Not all notebooks are great. Some issues related to using notebooks are:

Running long async tasks causes problems with notebooks. Training a model for hours or days, as is common in deep learning, can be tedious, especially when the display times out. The workaround for this is to regularly check the model weights and write the log files to disk.

Error returned when notebook fails (note that this is a user issue)

It fosters poor software engineering practices. For example, lack of unit tests, writing code in reusable chunks.

However, notebooks aren’t designed to address these, so many argue that none of these should be considered a problem. Great for quick experimentation and prototyping. You can move the code into a script and call it from within your notebook.
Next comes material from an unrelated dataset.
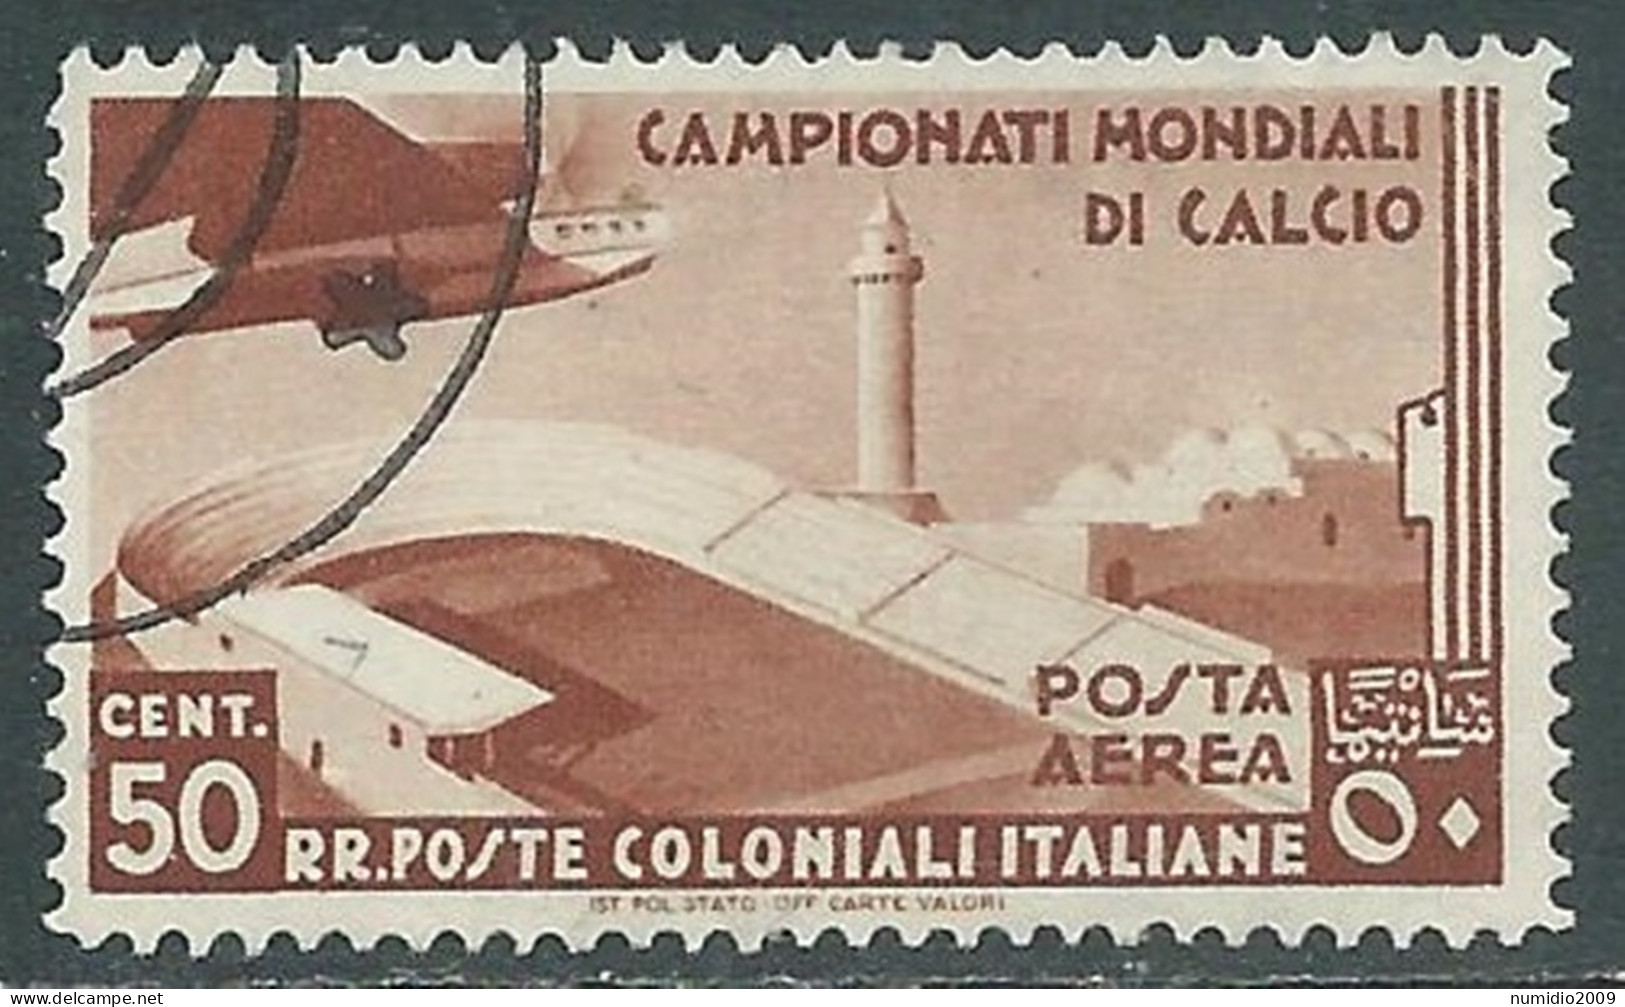 1934 EMISSIONI GENERALI POSTA AEREA USATO MONDIALI DI CALCIO 50 CENT - RA6-3 - General Issues

Jupyter Notebook is a tool for exploration, not production

Google Colaboratory is a free Jupyter-based notebook environment that runs on Google’s cloud servers, allowing users to leverage the hardware provided by Google (CPU, GPU, TPU). The last two are very useful for data scientists and machine learning engineers. Another benefit of using Colab is that you can access Google Drive, which you can mount and access through File Explorer. Colab also comes pre-installed with suites of deep learning libraries such as TensorFlow and Keras.

Google Colab offers a 12GB NVIDIA Tesla K80 GPU with 3.7 Nvidia compute capabilities that can be used continuously for up to 12 hours. This is great for experimentation and prototyping, but when working with large datasets and large networks, you quickly face limitations.

Before getting into the tutorial, it’s important to note that this applies not only to Amazons EC2 instances, but also to Google Clouds Compute Engine, Microsoft Azures virtual machines, and even local setups.

By connecting an external runtime to Colab, you can maintain the Colab interface while using GPU acceleration other than that provided by Colab by default.

With AWS, many people prefer to use Sagemaker because it does the essential work of creating an EC2 instance in the background and setting up a Jupyter notebook connection. Therefore, creating an EC2 instance and connecting to a Colab notebook is cheaper than using SageMaker, yet (many people) maintain a preferred Colab interface.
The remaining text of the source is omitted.